In 2016, a breakthrough result of Chechik and Wulff-Nilsen [SODA '16] established that every $n$-node graph $G$ has a $(1+\varepsilon)(2k-1)$-spanner of lightness $O_{\varepsilon}(n^{1/k})$, and recent followup work by Le and Solomon [STOC '23] generalized the proof strategy and improved the dependence on $\varepsilon$. We give a new proof of this result, with the improved $\varepsilon$-dependence. Our proof is a direct analysis of the often-studied greedy spanner, and can be viewed as an extension of the folklore Moore bounds used to analyze spanner sparsity.
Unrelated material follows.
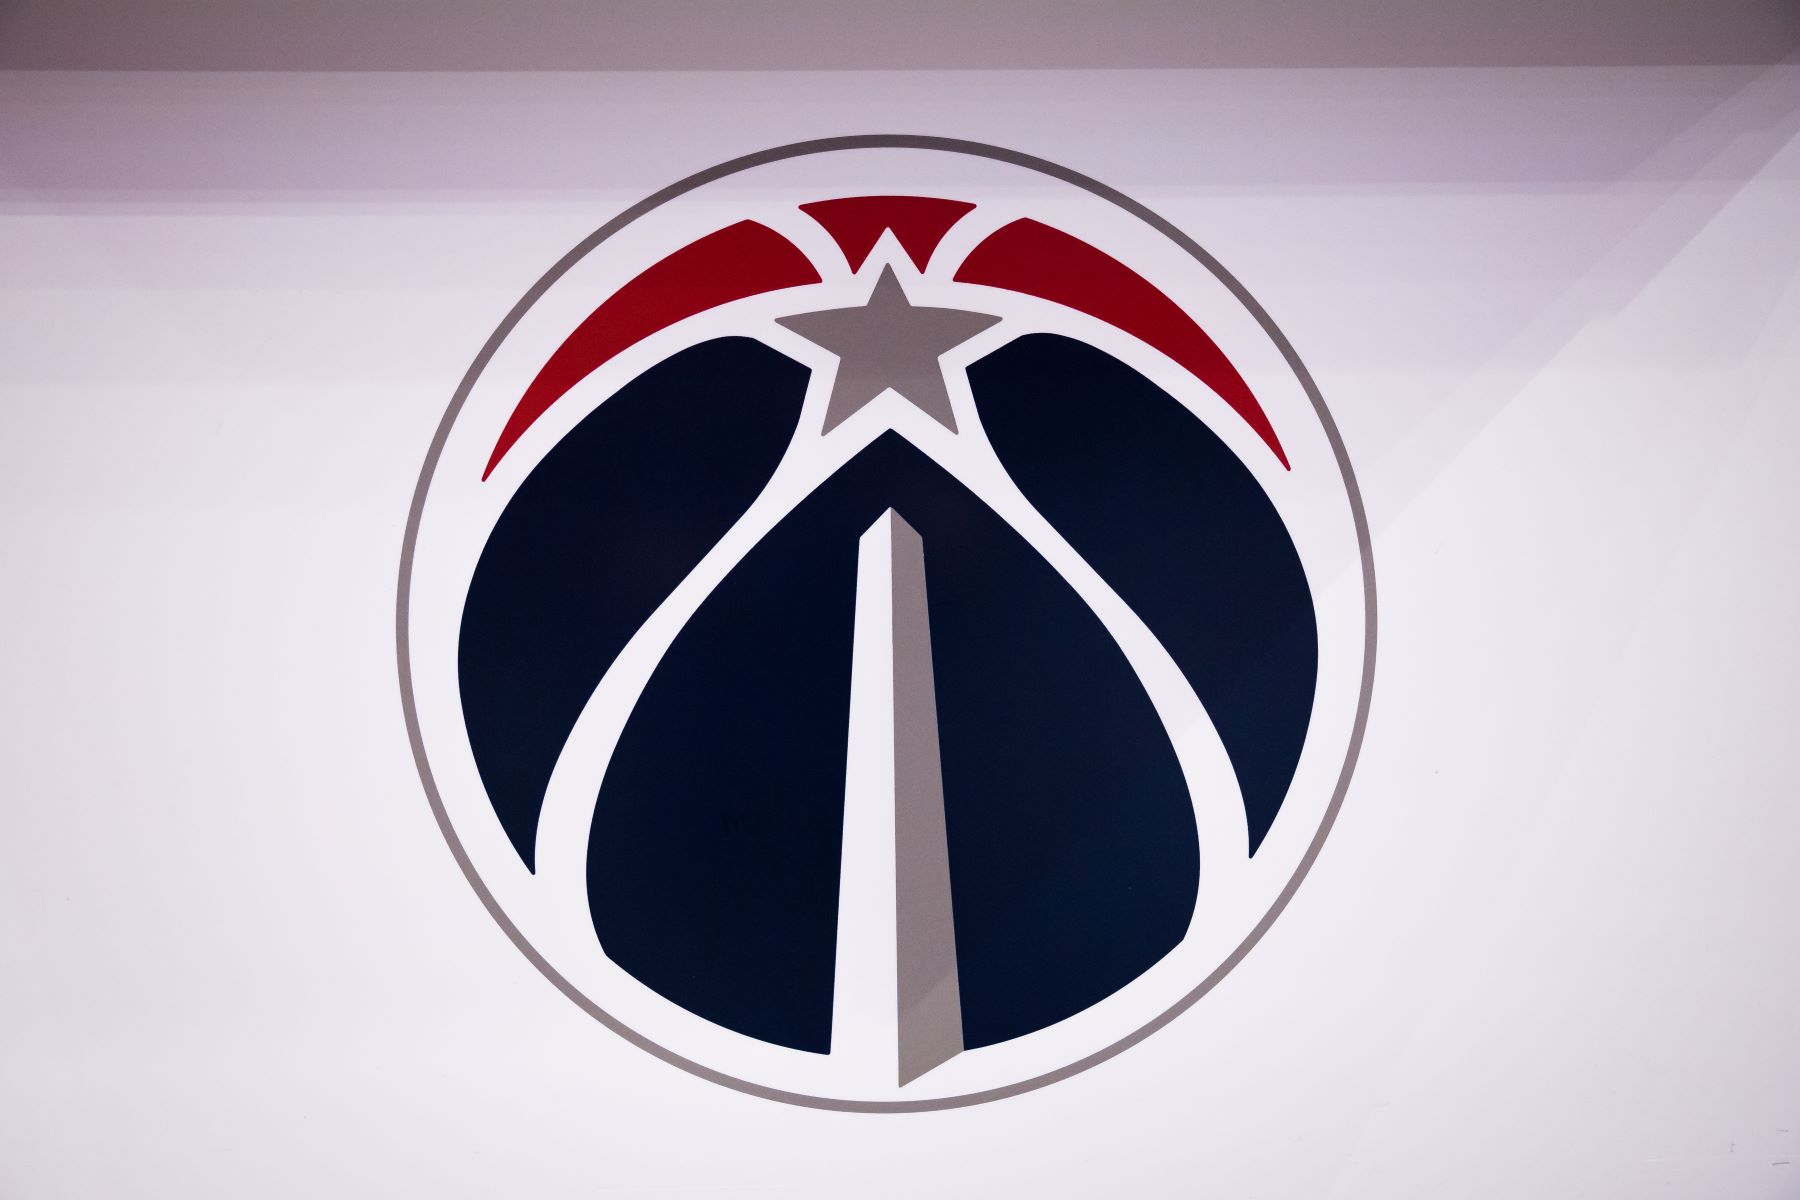 Are the Washington Wizards From Washington, Maryland, or D.C.?

翻译：2016年，Chechik与Wulff-Nilsen[SODA '16]取得突破性成果，证明任意n节点图G均存在轻度为$O_{\varepsilon}(n^{1/k})$的$(1+\varepsilon)(2k-1)$-展形；近期Le与Solomon[STOC '23]的后续工作推广了其证明策略，并改进了对$\varepsilon$的依赖性。本文给出该结果的新证明，其中$\varepsilon$的依赖关系得到优化。我们的证明直接分析了常被研究的贪心展形，可视为分析展形稀疏性时常用的Moore界的推广。